Herr Guaidó und das Pfeifen im Walde
Die interessierte Öffentlichkeit hört seit Tagen kaum noch etwas über die Entwicklungen in Venezuela. Wurde am Freitag der vergangenen Woche in den bürgerlichen Medien noch der massive Stromausfall in großen Teilen des Landes genüßlich ausgewalzt, so trat auch darüber bald relative Stille ein, nachdem bekannt wurde, daß die Ursache nicht in der Unfähigkeit der Regierung zu suchen ist, sondern daß nur eine gezielte Sabotage der Grund gewesen sein kann. Zumal ein Senator der USA – der sich schon oft als Sprachrohr derjenigen hervorgetan hat, die alles hassen, was mit antiimperialistischer Politik in Kuba, Venezuela, Nicaragua, Bolivien oder sonstwo im »Hinterhof der USA« zu tun hat – sich nicht zurückhalten konnte, die freudige Nachricht über den Stromausfall per Twitter zu verkünden, als selbst die Betroffenen noch nicht wußten, was passiert war.
Der Konterrevolution in Venezuela schwimmen allmählich die Felle davon. In den mehr als 40 Tagen, seit sich ein gelehriger Schüler der USA-Geheimdienste zum »Beauftragten Präsidenten« ernannt hat – Herr Guaidó und seine Komplizen benutzen den spanischen Begriff »Presidente Encargado«, Guaido selbst nennt sich in seinen zahlreichen Twitter-Nachrichten »Presidente (E)« – hat er keinerlei ernstzunehmenden Erfolge erreicht. Seine wiederholten Aufrufe an die Armee, sich ihm als »Oberbefehlshaber« zu unterstellen, verhallten ungehört. Weniger als eine Handvoll höhere Offiziere haben sich zu ihm bekannt, und einige Dutzend Militärs der unteren Ränge sind desertiert. Guaidó und seine Kumpane haben sich allerdings angewöhnt, Zahlen zu nennen, die zuvor mit einem Faktor zwischen fünf und zehn multipliziert wurden, und so erklärte er gegenüber dem deutschen Auslandspropaganda-Sender »Deutschlandfunk«, daß bereits 600 Soldaten in Kolumbien seien, um eine Streitmacht unter seinem Kommando zu formieren.
Die Versuche des »Beauftragten Präsidenten«, mit Gewerkschaften zu paktieren, sind ebenso ins Leere gelaufen. Die großmäulig angekündigten Streiks, die am Samstag das Land lahmlegen sollten, fanden nicht statt. In den westlichen Medien, die sich mächtig darauf gefreut hatten, wurde das Wort »Streik« schon nicht mehr erwähnt. Auch die Massendemonstrationen, zu denen die Opposition mobilisieren wollte, beschränkten sich offenbar auf einige hundert Leute aus den bessergestellten Schichten.

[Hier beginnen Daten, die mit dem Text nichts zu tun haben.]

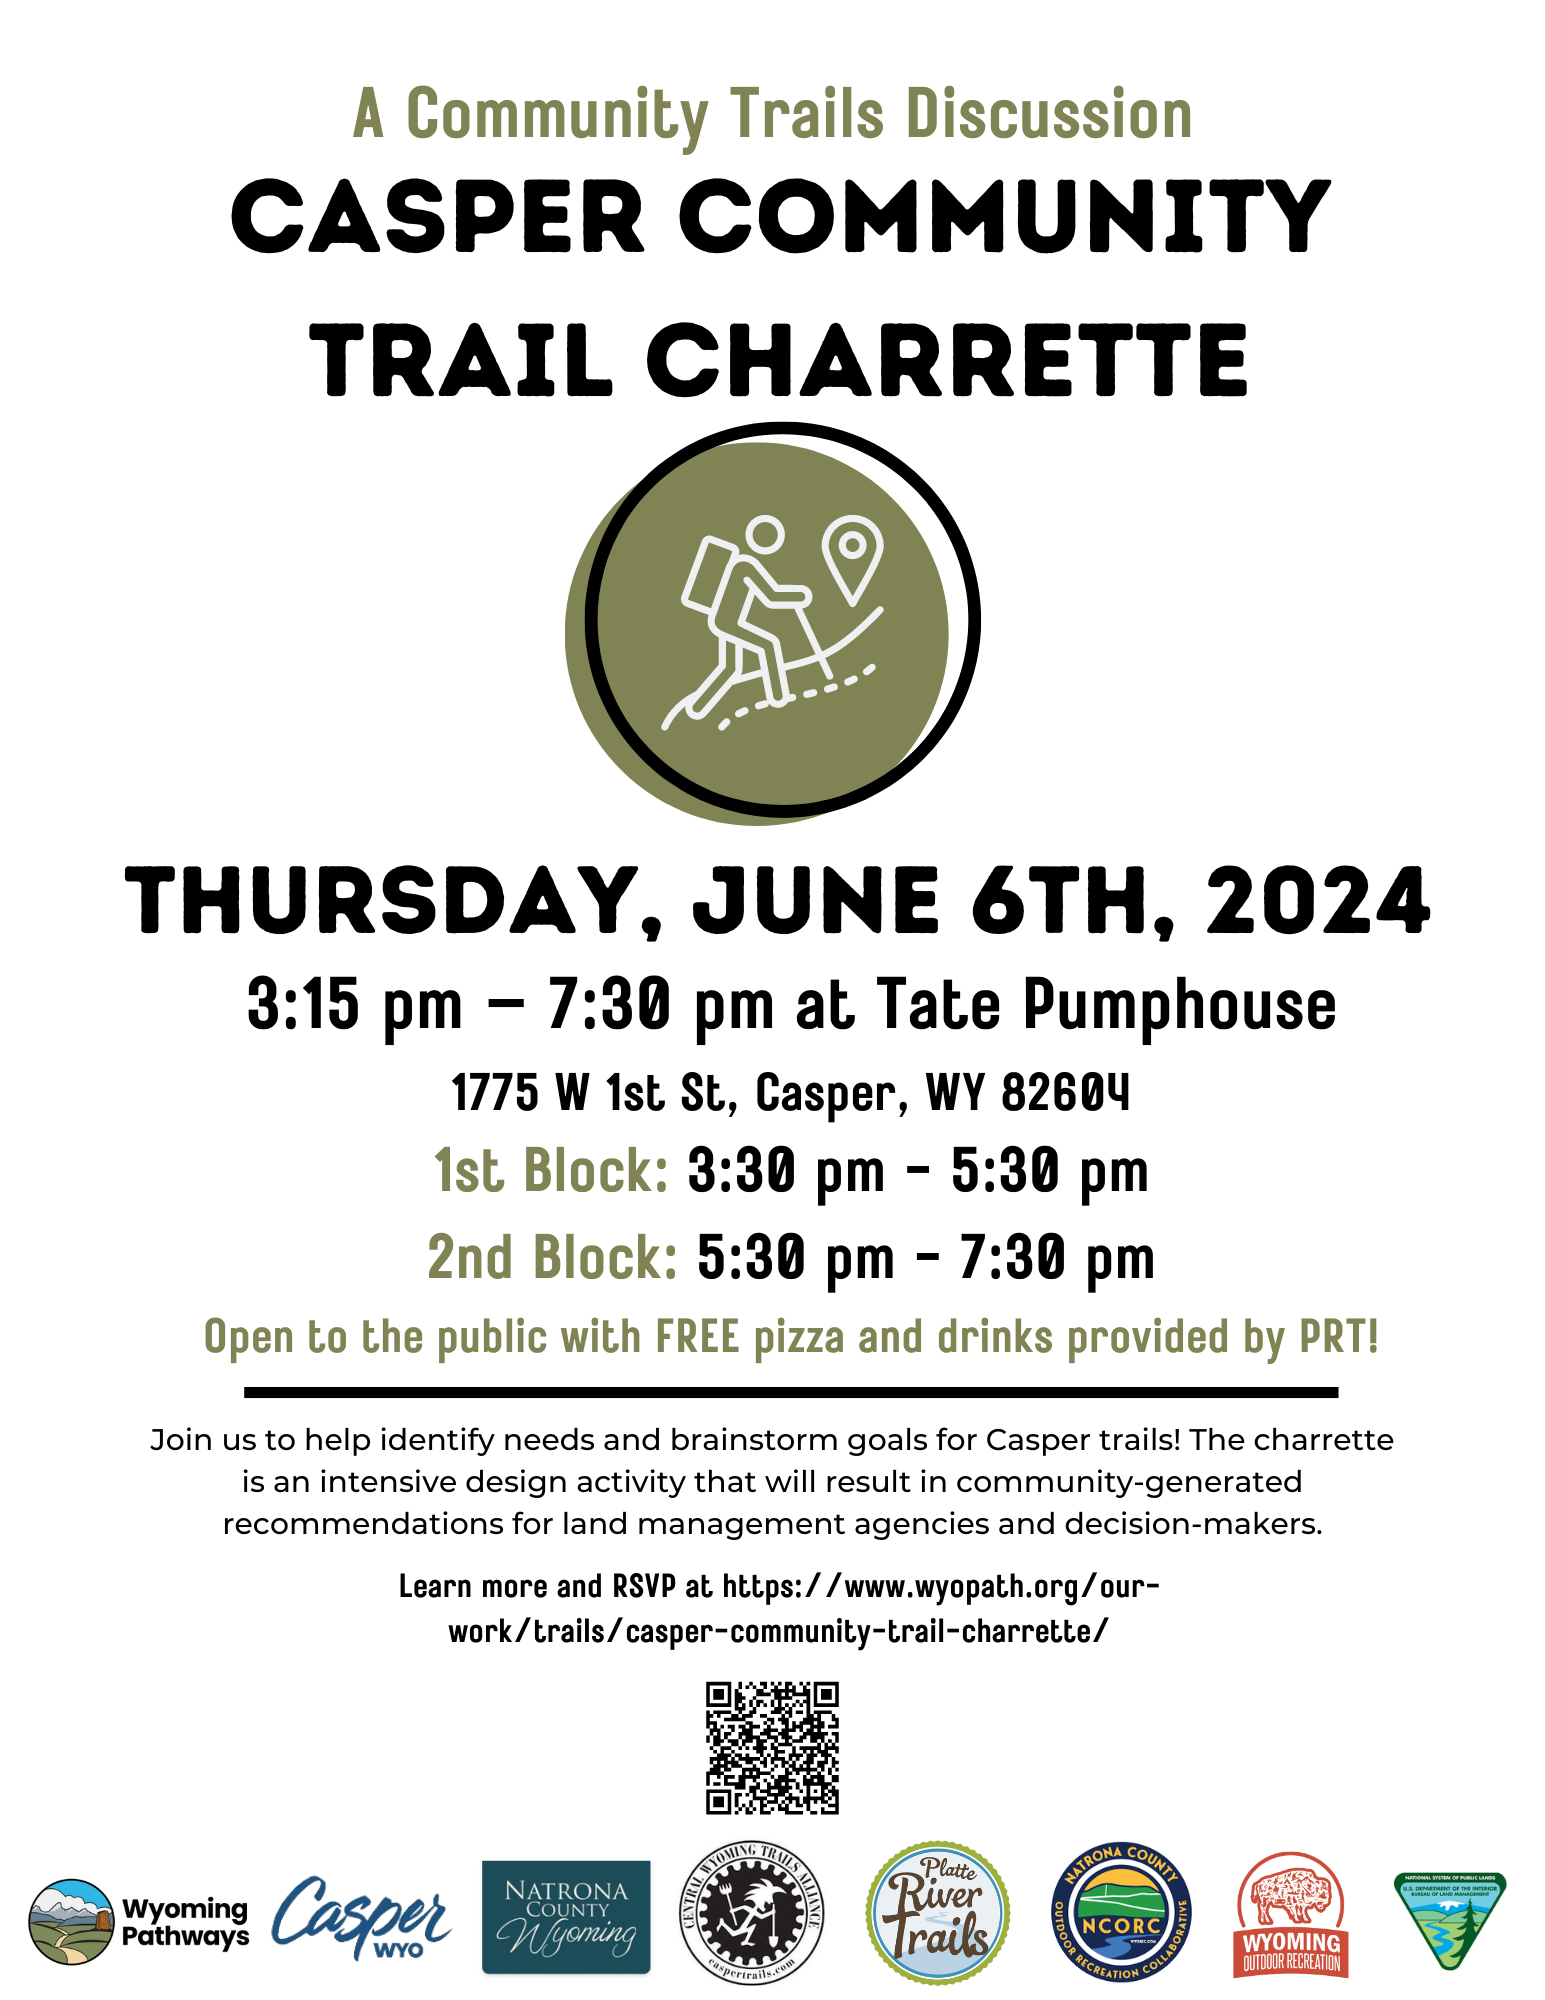 A flyer for the casper community trail charrette

In mehr als vierzig Tagen hat es der Möchtegern-Präsident nicht geschafft, auch nur andeutungsweise Neuwahlen vorzubereiten oder eine Regierungsmannschaft zu formieren. Bei seiner Reise durch Südamerika begleitete ihn eine Staatssekretärin aus dem Außenministerium der USA, und bei seinen Auftritten im Land ist niemand zu erkennen, der so etwas wie ein »Vizepräsident« sein könnte. Sein erneuter Aufruf zu einem »Marsch auf Caracas« klingt eher wie das Pfeifen im Walde, mit dem er sich selbst Mut macht.
Die Situation bleibt dennoch gefährlich. Die rechtmäßige Regierung Venezuelas wurde mit Sanktionen der USA und der EU überhäuft, sie hat keinen Zugang zu Dutzenden Milliarden Dollar, die in Banken in westlichen Ländern deponiert sind, während die USA es ihrem Zögling Guaidó ermöglichen, sich aus diesen Konten zu bedienen. Die USA und Guaidó reden weiterhin von der Option einer militärischen Invasion. Wenn die EU und die EU-Staaten, die sich Herrn Guaidó verpflichtet fühlen, auf ihrem dem Völkerrecht widersprechenden Standpunkt beharren, werden sie sich mitschuldig machen an weiteren Verbrechen am venezolanischen Volk.